Hanzo does something very strange then: he steps back, angling his body toward his room like he’s inviting Cole further in. There are clothes folded on the bed, and there’s Hanzo’s familiar duffel bag, and a first aid kit that Cole hopes is fully stocked this time. Wait. 

“You goin’ somewhere?”

Hanzo laughs, the sound shot through with anxiety. “I was considering a… leave of absence. To do some further independent work.” Hanzo clears his throat, and his face is slowly turning beet red. “I was thinking North America.” He glances meaningfully at Cole. “So no, I do not think it’s weird.”
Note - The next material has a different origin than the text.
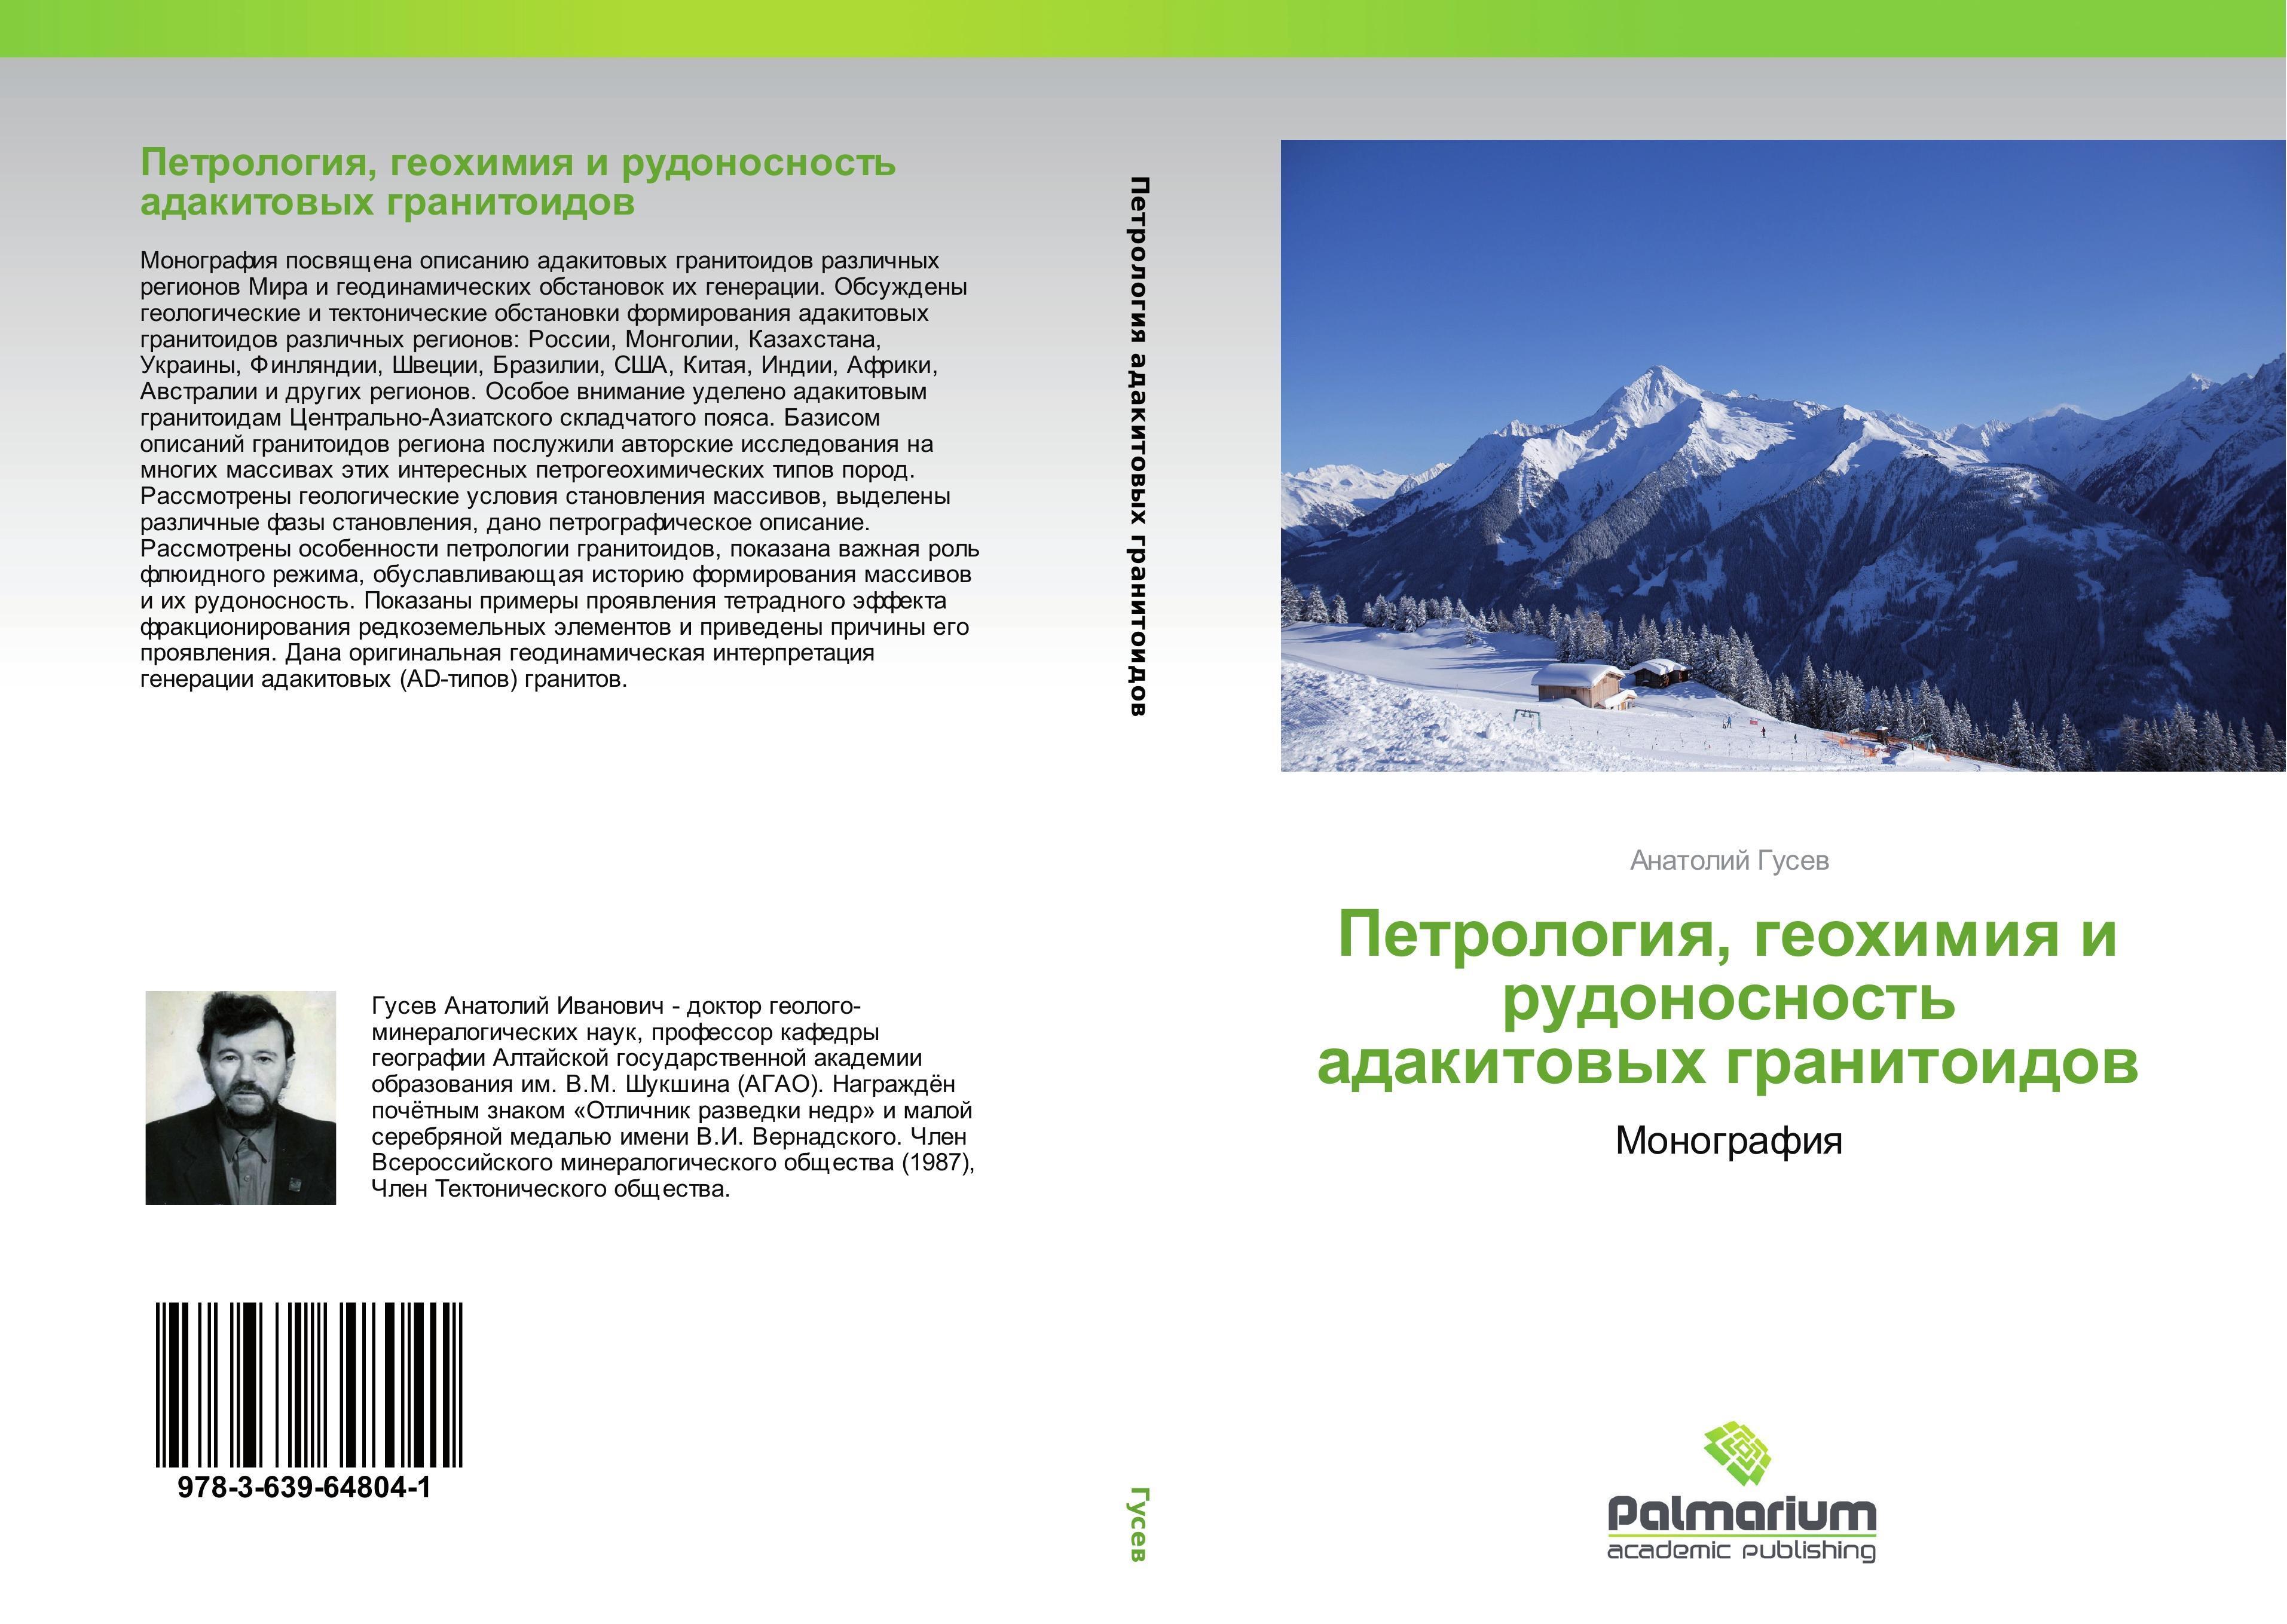 Anatoliy Gusev / Petrologiya, geokhimiya i rudonosnost' adak ... 9783639648041

It takes Cole a moment to catch his drift, but once he does, he can’t stop the grin that’s about to split his face in two. “In that case, I was thinkin’, there’s a lot of jobs out there that don’t need a whole strike team. And Winston told me I could contribute however I saw myself best fittin’ into the new organization. And I really did like workin’ with you. We don’t have to stay here, but we could come back sometimes. Can have us a little freedom but keep a safe place to land.” Cole’s never been much for looking too far ahead. It’s always given him something like vertigo. But this doesn’t feel unreasonable or like he’s aiming too high, doomed to fail. This feels like it simply fits. “So what do you say? Partners?”

Hanzo’s smile gives away the answer long before he summons the words.